Each layer in a deep neural network transforms its input and produces an output that is sent to the next layer. The network represents more abstract concepts at its deeper layers, which are more remote from the initial raw sensory input. Experiments show that artificial neurons in deeper layers in the network tend to correspond to more abstract semantic concepts: a visual object such as a desk, for instance. Recognition of the image of the desk might emerge from the processing of neurons at a deeper layer even though the concept of “desk” was not among the category labels on which the network was trained.
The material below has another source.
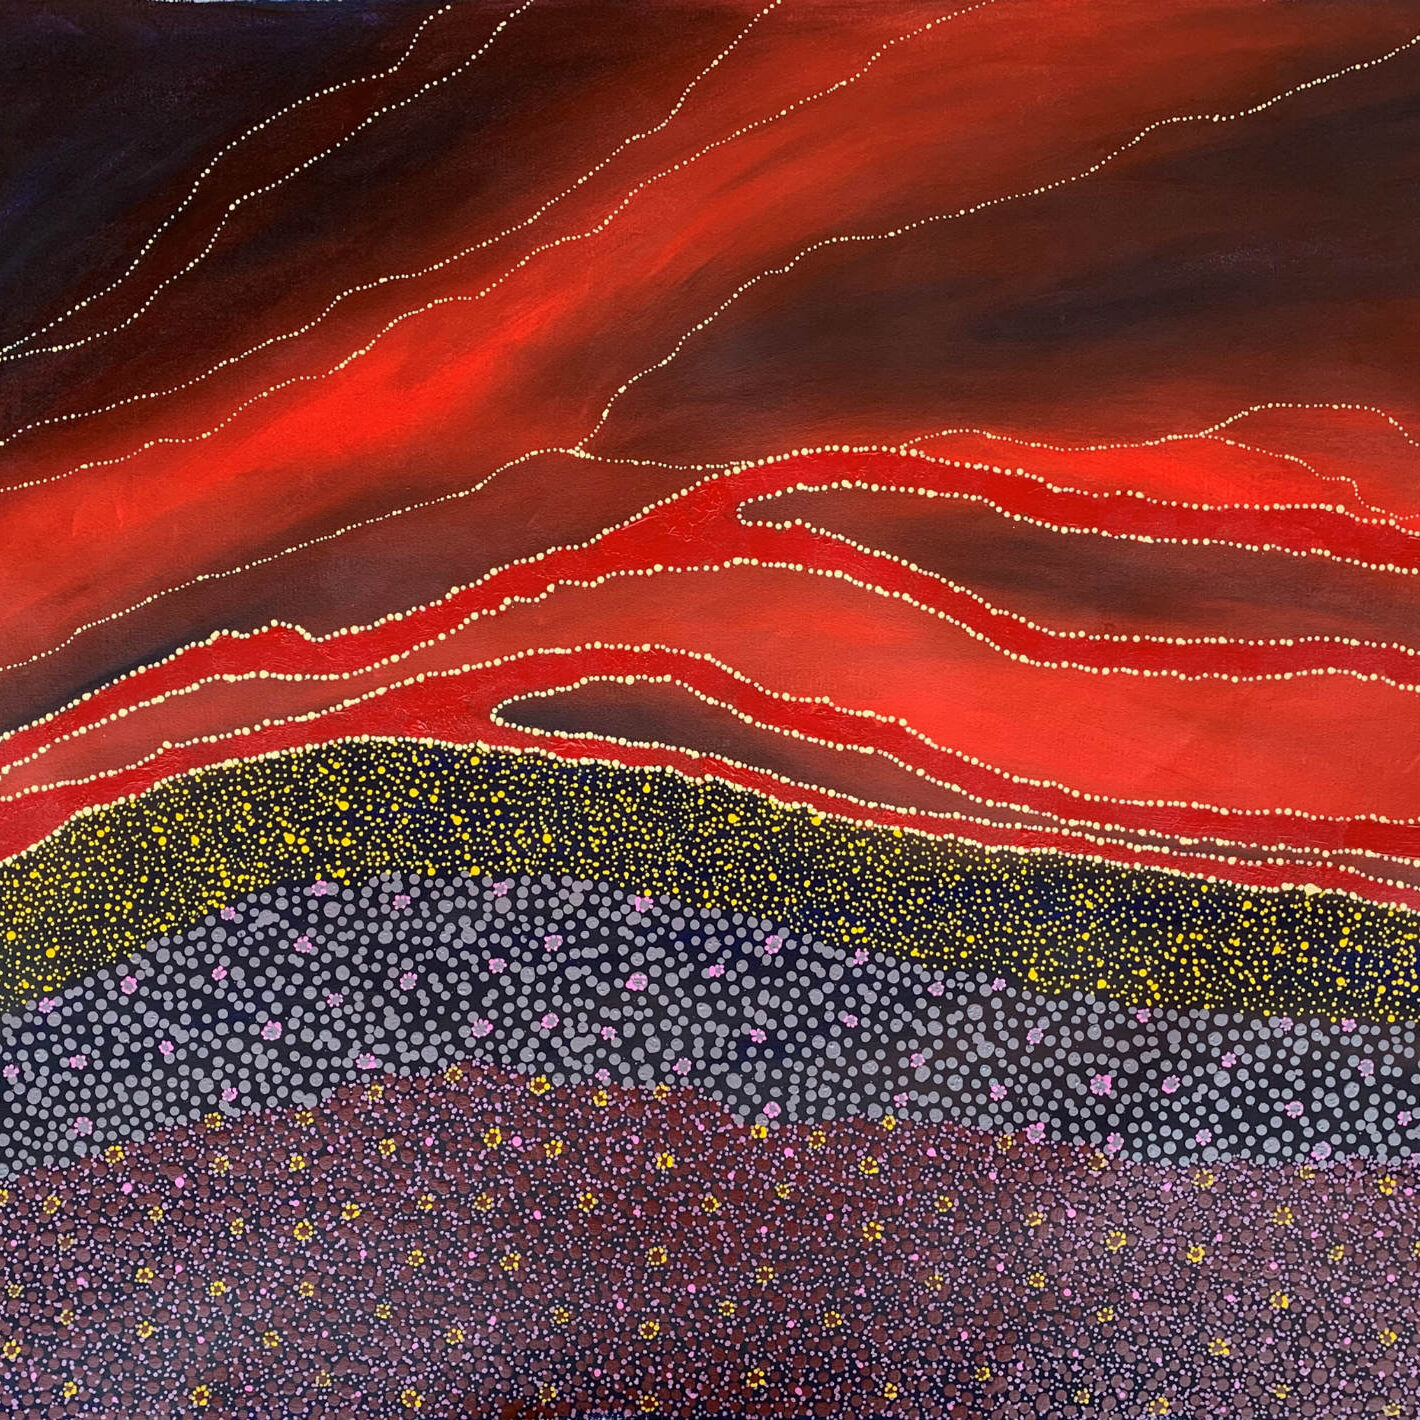 The painting, Bushfire, by Sonya Edney

And the concept of a desk might itself only be an intermediate step toward creating a still more abstract concept at a still higher layer that might be categorized by the network as an “office scene.”
Beyond Pattern Recognition
Until recently, artificial neural networks distinguished themselves in large part for their ability to carry out tasks such as recognizing patterns in static images. But another type of neural network is also making its mark—specifically, for events that unfold over time. Recurrent neural networks have demonstrated the capacity to correctly perform a sequence of computations, typically for speech, video and other data. Sequential data are made up of units—whether a phoneme or a whole word—that follow one another sequentially. The way recurrent neural networks process their inputs bears a resemblance to how the brain works. Signals that course among neurons change constantly as inputs from the senses are processed. This internal neural state changes in a way that depends on the current input to the brain from its surroundings before issuing a sequence of commands that result in body movements directed at achieving a specific goal.
Recurrent networks can predict what the next word in a sentence will be, and this can be used to generate new sequences of words, one at a time. They can also take on more sophisticated tasks. After “reading” all the words in a sentence, the network can guess at the meaning of the entire sentence. A separate recurrent network can then use the semantic processing of the first network to translate the sentence into another language.
Research on recurrent neural networks had its own lull in the late 1990s and early 2000s. My theoretical work suggested that they would run into difficulty learning to retrieve information from the far past—the earliest elements in the sequence being processed. Think of trying to recite the words from the first sentences of a book verbatim when you have just reached the last page. But several advances have lessened some of these problems by enabling such networks to learn to store information so that it persists for an extended time. The neural networks can use a computer's temporary memory to process multiple, dispersed pieces of information, such as ideas contained in different sentences spread across a document.
The strong comeback for deep neural networks after the long AI winter is not just a technological triumph. It also provides a lesson in the sociology of science. In particular, it underscores the need to support ideas that challenge the technological status quo and to encourage a diverse research portfolio that backs disciplines that temporarily fall out of favor.